Lithium-ion with a gelatinized electrolyte undergoes many additives to increase conductivity, as do lithium-polymer batteries. True dry polymers are conductive only at high temperatures, and the battery is no longer commercially available. Additives are also added to achieve longevity and unique properties. The recipes are classified, and each manufacturer has their own secret formula.

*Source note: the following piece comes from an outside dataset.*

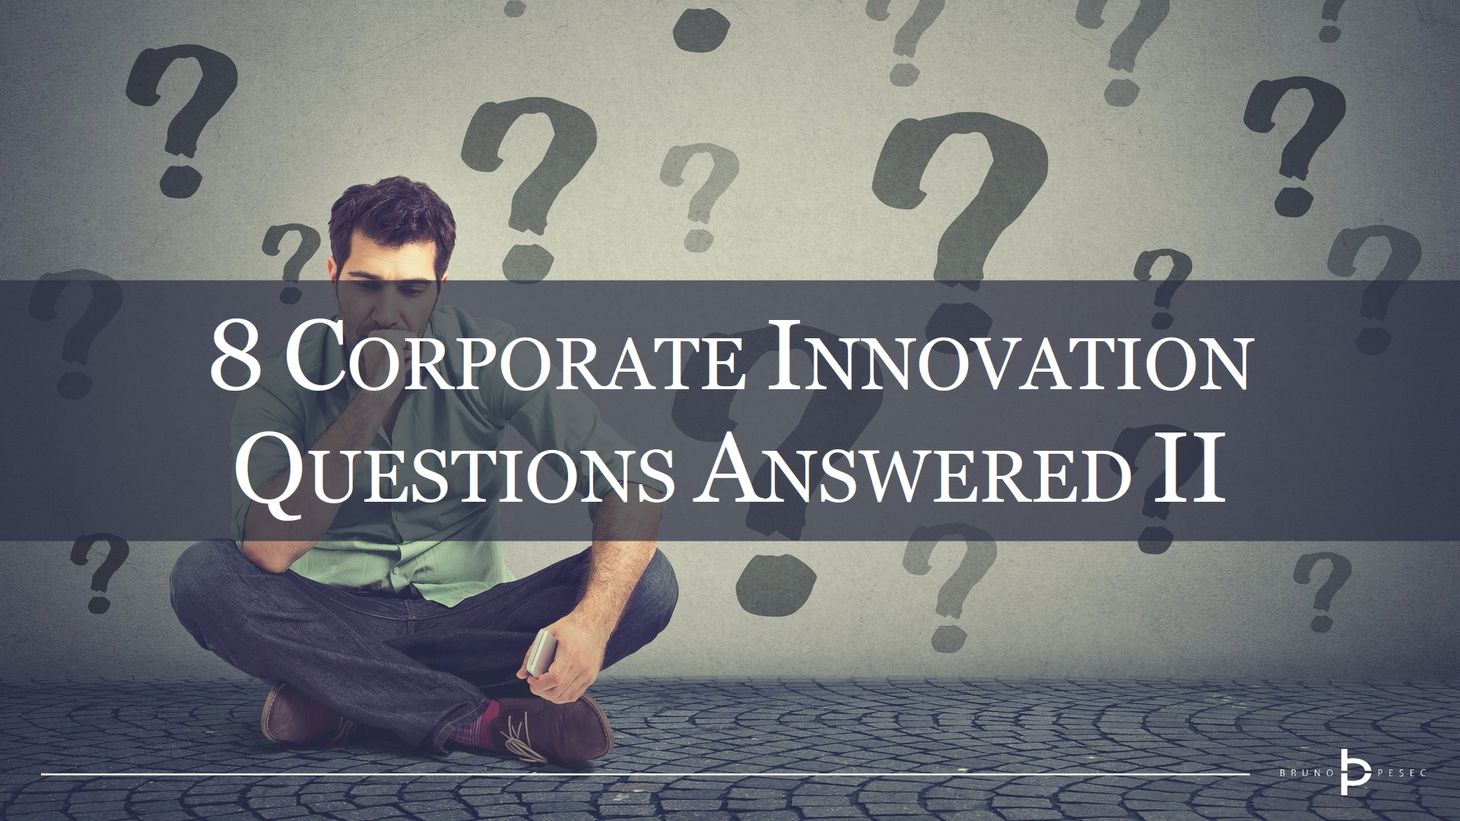 Eight more corporate innovation questions answered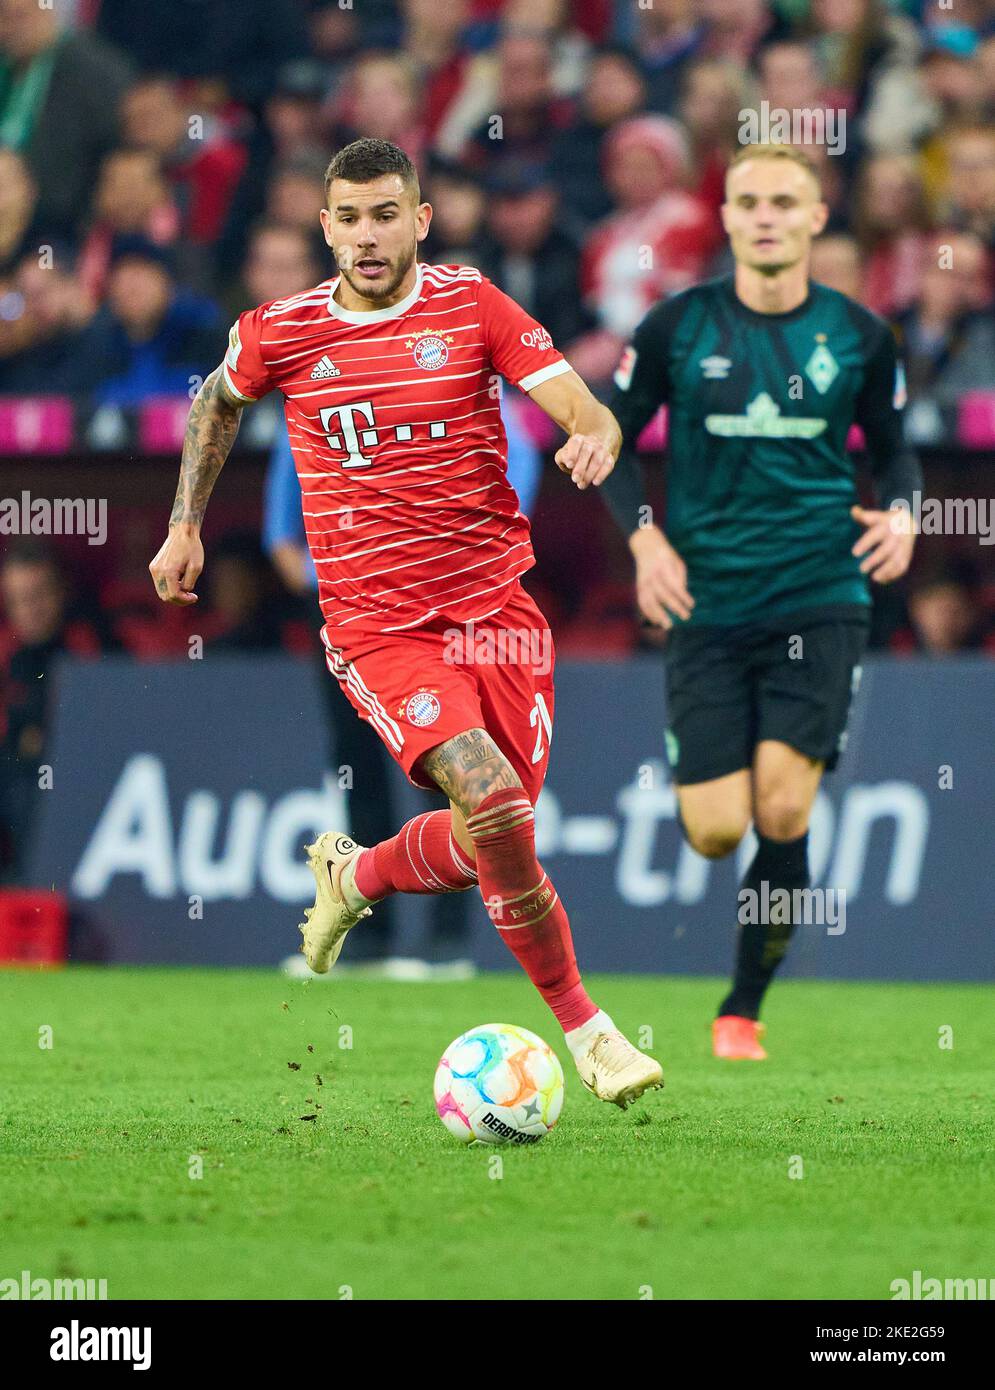 Lucas HERNANDEZ (FCB 21)  in the match FC BAYERN MÜNCHEN - SV WERDER BREMEN 6-1 1.German Football League on Nov 8, 2022 in Munich, Germany. Season 2022/2023, matchday 14, 1.Bundesliga, FCB, München, 14.Spieltag © Peter Schatz / Alamy Live News    - DFL REGULATIONS PROHIBIT ANY USE OF PHOTOGRAPHS as IMAGE SEQUENCES and/or QUASI-VIDEO - Stock Photo

The electrolyte should be stable, but this is not the case with lithium. A passivation film is formed on the anode and is called the Solid Electrolyte Interface (SEI). This layer separates the anode from the cathode but allows ions to pass through like a separator. Essentially, an SEI layer must be formed for the battery to function properly. Thin films stabilize the system and extend the life of lithium-ion batteries, but this results in reduced capacity. Electrolyte oxidation also occurs at the cathode, which permanently reduces capacity.
In order to prevent the film from becoming too restrictive, additives are mixed in the electrolyte consumed during the formation of the SEI layer. It is difficult, if not impossible, to trace their presence when conducting detection assessments. This makes proprietary additives a trade secret, both in terms of their composition and the amount used.
A well-known additive is ethylene carbonate (VC). This chemistry can increase the cycle life of lithium ions, especially at higher temperatures, and maintain a lower internal resistance with use and aging. VC also maintains a stable SEI film on the anode, and electrolyte oxidation has no adverse side effects on the cathode (Aurbach et al.). It is said that both academia and research lag behind battery manufacturers in the understanding and selection of additives, so there is a big recipe.
For most commercial lithium-ion batteries, the SEI layer breaks down at a cell temperature of 75–90°C (167–194°F). The type of battery and state of charge (SoC) affect breakdown at high temperatures. If it is not cooled properly, self-heating behavior can occur, resulting in thermal runaway. Laboratory tests on 18,650 cells have shown that this thermal event can take up to two days to form.
The flammability of lithium-ion electrolytes is a further concern, and experiments have been carried out to produce non-flammable or less flammable electrolytes by additives or the development of non-organic ionic liquids, as well as studies to operate lithium-ion batteries at low temperatures.